**Problem requirements**
From the entries that follow, gather each line holding the word "vintage".

**Records for processing**
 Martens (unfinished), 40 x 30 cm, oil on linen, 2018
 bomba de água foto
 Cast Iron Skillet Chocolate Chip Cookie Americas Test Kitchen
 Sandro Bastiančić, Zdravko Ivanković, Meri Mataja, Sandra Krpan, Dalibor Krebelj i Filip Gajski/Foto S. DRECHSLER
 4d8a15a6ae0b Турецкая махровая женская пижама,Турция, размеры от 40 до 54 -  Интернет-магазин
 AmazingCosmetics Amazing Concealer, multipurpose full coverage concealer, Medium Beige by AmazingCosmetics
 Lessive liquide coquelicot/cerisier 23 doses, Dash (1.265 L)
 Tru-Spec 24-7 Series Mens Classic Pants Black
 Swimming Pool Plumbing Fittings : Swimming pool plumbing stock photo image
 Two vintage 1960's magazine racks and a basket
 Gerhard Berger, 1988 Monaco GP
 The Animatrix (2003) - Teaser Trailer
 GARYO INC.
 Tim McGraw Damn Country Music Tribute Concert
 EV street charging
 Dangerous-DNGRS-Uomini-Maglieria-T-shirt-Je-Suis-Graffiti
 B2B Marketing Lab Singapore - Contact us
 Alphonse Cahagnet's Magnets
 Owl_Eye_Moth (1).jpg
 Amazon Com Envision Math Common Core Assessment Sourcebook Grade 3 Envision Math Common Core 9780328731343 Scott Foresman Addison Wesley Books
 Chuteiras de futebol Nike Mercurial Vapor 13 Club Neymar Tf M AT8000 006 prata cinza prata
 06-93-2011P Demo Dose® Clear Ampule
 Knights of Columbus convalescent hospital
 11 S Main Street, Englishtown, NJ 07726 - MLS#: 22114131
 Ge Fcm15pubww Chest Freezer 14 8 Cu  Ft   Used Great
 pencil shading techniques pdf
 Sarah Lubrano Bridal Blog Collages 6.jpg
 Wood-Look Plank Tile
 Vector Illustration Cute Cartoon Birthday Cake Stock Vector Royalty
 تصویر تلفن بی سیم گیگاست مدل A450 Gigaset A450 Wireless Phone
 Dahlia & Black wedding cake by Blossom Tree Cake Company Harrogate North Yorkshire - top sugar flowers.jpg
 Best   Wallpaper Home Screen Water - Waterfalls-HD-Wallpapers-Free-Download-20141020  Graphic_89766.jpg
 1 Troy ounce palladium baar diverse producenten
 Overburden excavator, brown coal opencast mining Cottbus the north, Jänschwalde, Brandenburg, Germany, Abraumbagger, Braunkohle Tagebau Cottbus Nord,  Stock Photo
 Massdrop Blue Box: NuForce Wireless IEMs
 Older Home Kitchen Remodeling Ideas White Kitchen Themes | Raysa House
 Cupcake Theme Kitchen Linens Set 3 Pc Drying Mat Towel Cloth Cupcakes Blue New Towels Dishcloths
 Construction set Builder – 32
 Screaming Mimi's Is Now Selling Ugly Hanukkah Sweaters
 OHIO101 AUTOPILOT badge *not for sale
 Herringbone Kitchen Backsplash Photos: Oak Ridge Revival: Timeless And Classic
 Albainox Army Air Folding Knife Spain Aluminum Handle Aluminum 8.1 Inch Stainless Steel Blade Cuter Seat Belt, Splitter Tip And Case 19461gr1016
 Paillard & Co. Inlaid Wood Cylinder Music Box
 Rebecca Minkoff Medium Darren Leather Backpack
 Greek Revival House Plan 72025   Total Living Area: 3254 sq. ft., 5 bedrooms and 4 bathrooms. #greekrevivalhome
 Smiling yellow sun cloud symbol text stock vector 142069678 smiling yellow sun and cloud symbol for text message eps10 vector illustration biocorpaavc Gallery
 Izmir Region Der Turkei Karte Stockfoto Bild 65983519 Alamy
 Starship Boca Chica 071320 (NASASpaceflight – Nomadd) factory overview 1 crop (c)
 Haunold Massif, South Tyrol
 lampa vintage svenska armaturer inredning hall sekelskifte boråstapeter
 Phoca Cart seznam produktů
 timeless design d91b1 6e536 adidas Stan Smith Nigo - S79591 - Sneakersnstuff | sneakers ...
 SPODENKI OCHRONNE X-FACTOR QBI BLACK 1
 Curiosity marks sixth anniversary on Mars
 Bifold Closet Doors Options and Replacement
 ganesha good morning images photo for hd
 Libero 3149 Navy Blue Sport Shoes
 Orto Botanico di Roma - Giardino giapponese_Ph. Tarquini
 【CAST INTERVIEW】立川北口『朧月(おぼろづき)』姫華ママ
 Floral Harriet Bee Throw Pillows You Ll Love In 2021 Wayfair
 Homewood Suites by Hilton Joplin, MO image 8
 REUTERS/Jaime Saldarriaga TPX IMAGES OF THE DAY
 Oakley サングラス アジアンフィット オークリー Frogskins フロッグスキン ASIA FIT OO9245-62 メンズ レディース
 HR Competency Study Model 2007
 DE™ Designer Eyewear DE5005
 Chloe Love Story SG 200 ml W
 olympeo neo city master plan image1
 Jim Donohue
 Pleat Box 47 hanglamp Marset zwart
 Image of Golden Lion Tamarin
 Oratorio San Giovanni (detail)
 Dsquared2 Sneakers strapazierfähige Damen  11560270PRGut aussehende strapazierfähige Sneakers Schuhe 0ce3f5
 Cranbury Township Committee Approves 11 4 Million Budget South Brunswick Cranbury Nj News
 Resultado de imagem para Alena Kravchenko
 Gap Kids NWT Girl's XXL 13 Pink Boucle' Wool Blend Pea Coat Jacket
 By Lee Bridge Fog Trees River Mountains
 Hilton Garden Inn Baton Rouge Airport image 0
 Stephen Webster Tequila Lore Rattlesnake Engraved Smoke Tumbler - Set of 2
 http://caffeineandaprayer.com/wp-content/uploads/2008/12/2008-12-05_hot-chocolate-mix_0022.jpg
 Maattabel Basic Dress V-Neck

**Exercise result**
 Two vintage 1960's magazine racks and a basket
 lampa vintage svenska armaturer inredning hall sekelskifte boråstapeter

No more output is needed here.